First off, don't judge yourself on their quality, because making them isn't about art. If you end up with some cool art, that's merely a bonus. Creating them is an outlet... a meditation. Some people knit, hike, play music - all for the purpose of letting go. This is the same with the mandala process, and the cool thing about them is that you can reflect on them once completed- and sometimes, you might just notice meaningful things amidst all of those lines and doodles.

I always start at the center, (I consider it to be "me" in the center) and then I work outward in concentric circular patterns. It's helpful if you try (at least in the beginning) to go only in direction (clockwise or counter-clockwise) as it helps you to develop a rhythm to your pattern-making. It gets much easier once you develop a rhythm to your work.

Develop a small library of shapes and designs to use. Don't over think it. You can do it all with little circles, lines, X's, triangles, or try using letters from the alphabet - M's work well, or an "S" on it's side.

Remember that no line or mark you put on the page needs to be perfect. In fact, they shouldn't be perfect. Because if they are perfect, you are putting too much conscious effort into it. Again I stress, this isn't about creating art - it's a meditative process and you shouldn't overthink it. Do enough of them (I've probably done over 400 of them) and the various patterns and gestures start to come a little easier. Remember to be kind to yourself throughout the process - resist the urge to judge your creation. I give you full permission to make mistakes and crooked lines and so you should extend the same permission to yourself.

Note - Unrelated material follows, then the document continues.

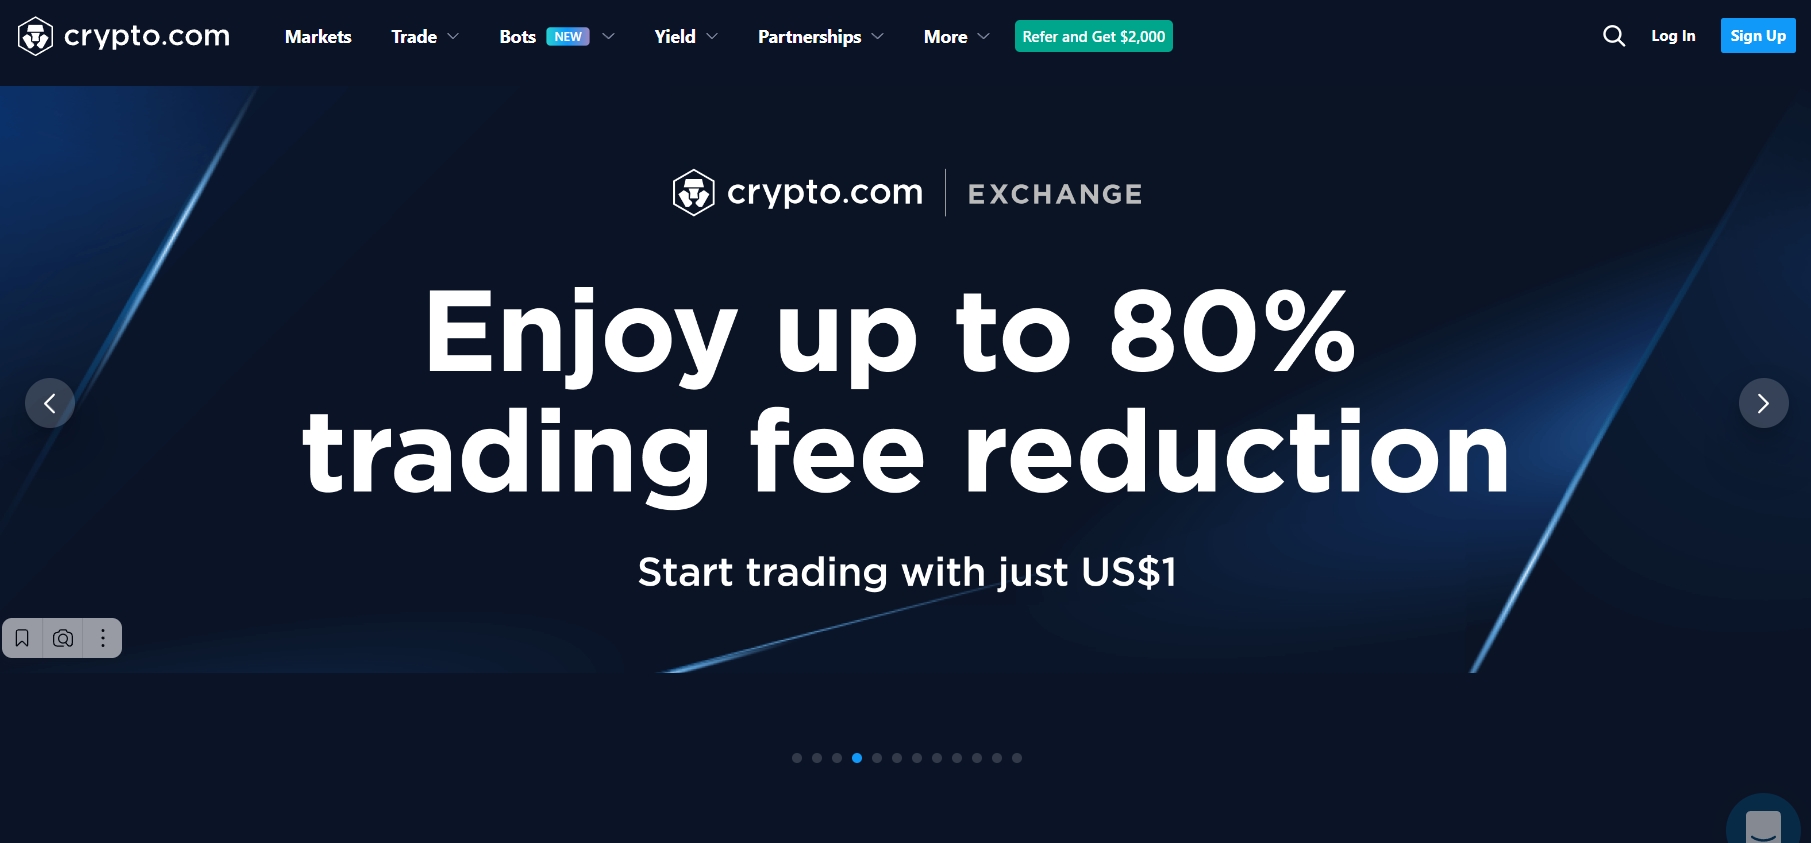 Crypto.com Exchange startseite
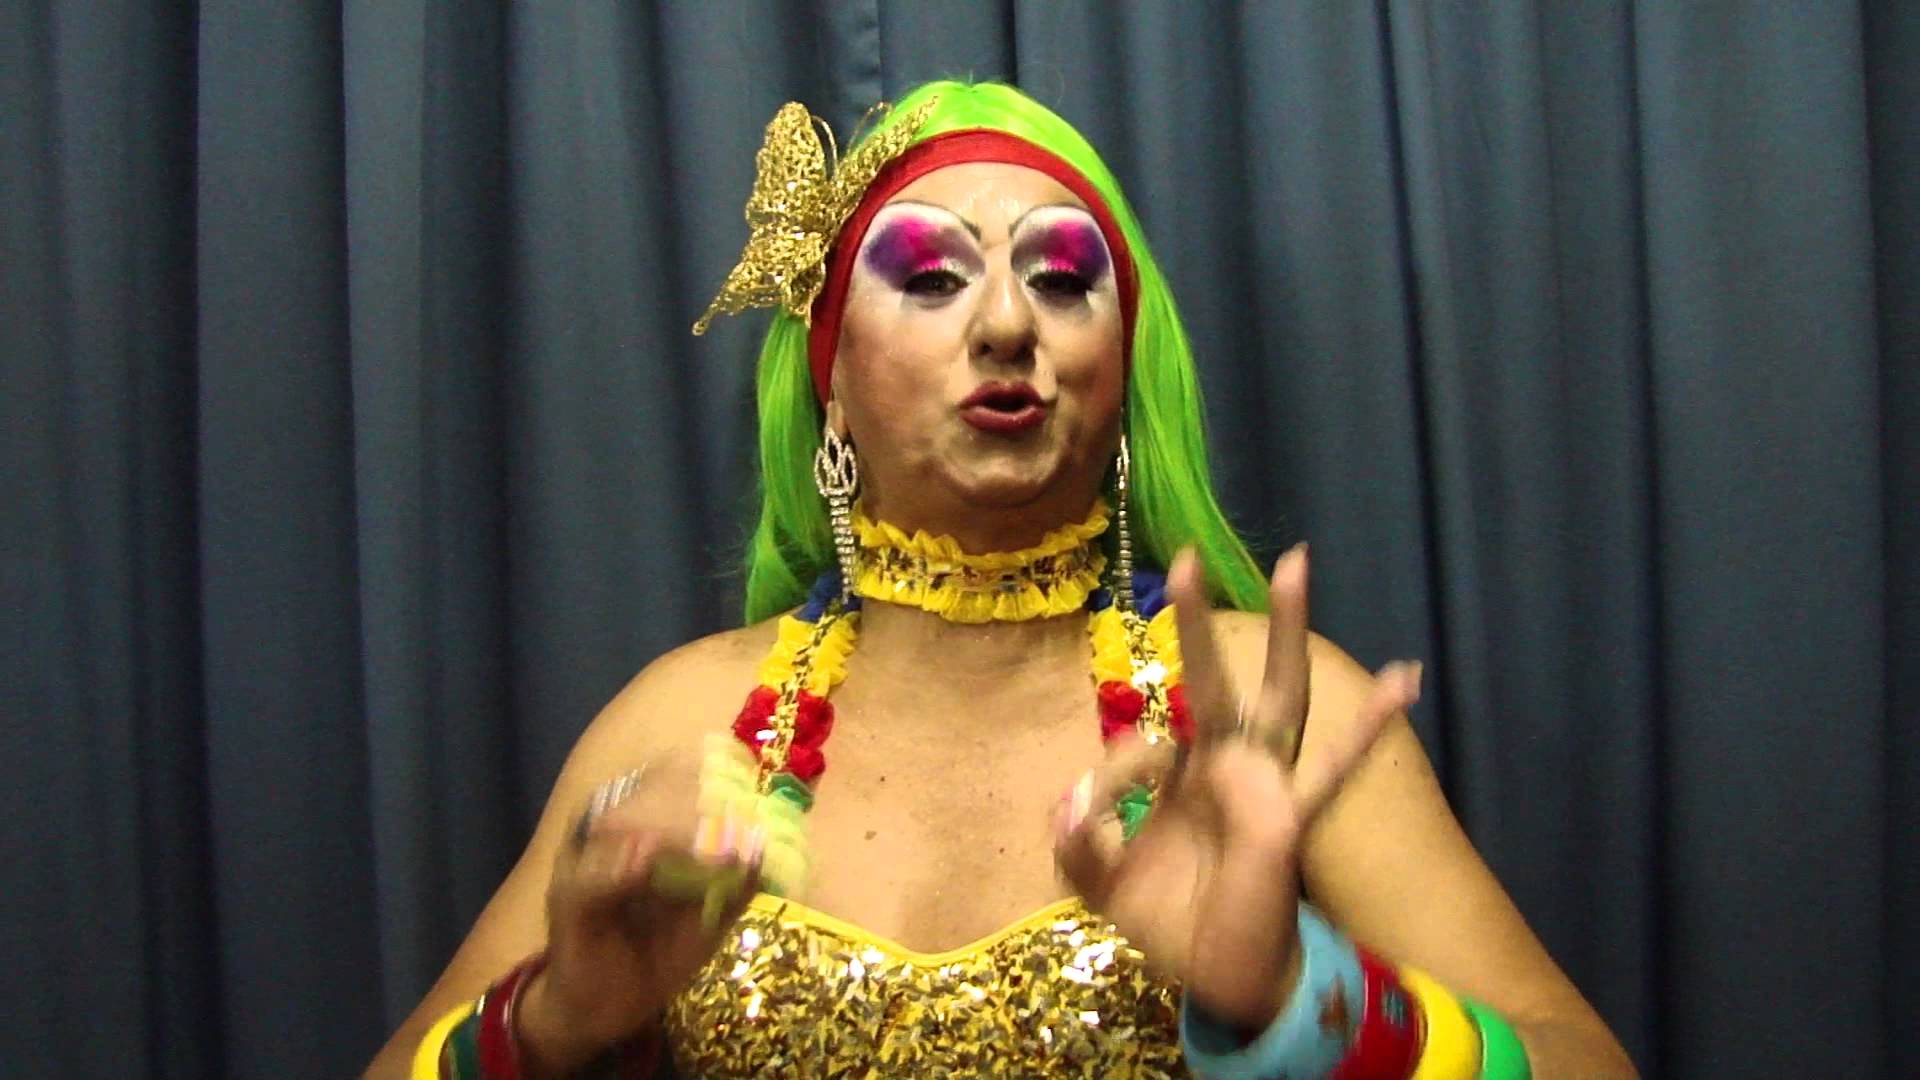 Ator fez a personagem Biuzinha Priqui do grupo de teatro Pastoril Profano (Foto: Reprodução/YouTube/Nordeste1)

I recommend using some kind of tablet that allows you to easily spin it so you can continuously work in every direction. Select a writing implement that allows you to work effortlessly. If the pen/marker, etc. doesn't move smoothly on the paper in every direction, it may cause frustration and/or hand fatigue.

If like me, you end up sitting and concentrating on a piece for a long period of time, remember to consciously breathe, and stretch yourself out every once in a while. It's easy to get lost in one of these meditations and you don't want to stop and find yourself all cramped up.

But most of all - have fun & just let go!

4 comments:

sophie_lila said...

Thanks for sharing your process, Stephanie. I think I've mentioned my inability to draw these in the past - your post gives me hope and reminds me that it's about the process, not necessarily the end result.

Biffybeans said...

Thank you Sophie! Yes - it's just about giving yourself permission to put lines on paper and not being judgmental about the result. It's a way to drop into and out of your mind when you have the time to put pen to paper. Like when waiting in a doctor's office, or at the airport...

Linda Miller said...

I love your description of mandalas. I love to get into bed early in the evening with my pencils and markers and art pad and books of printed mandalas. It is so fun to choose colors and designs based on how I feel at the moment. It is a form of meditation for me. Thanks for sharing here!

Orice said...

Your mandalas always inspire me. Thanks for sharing the "how" of your process. Think I'll dip into a few more for myself again.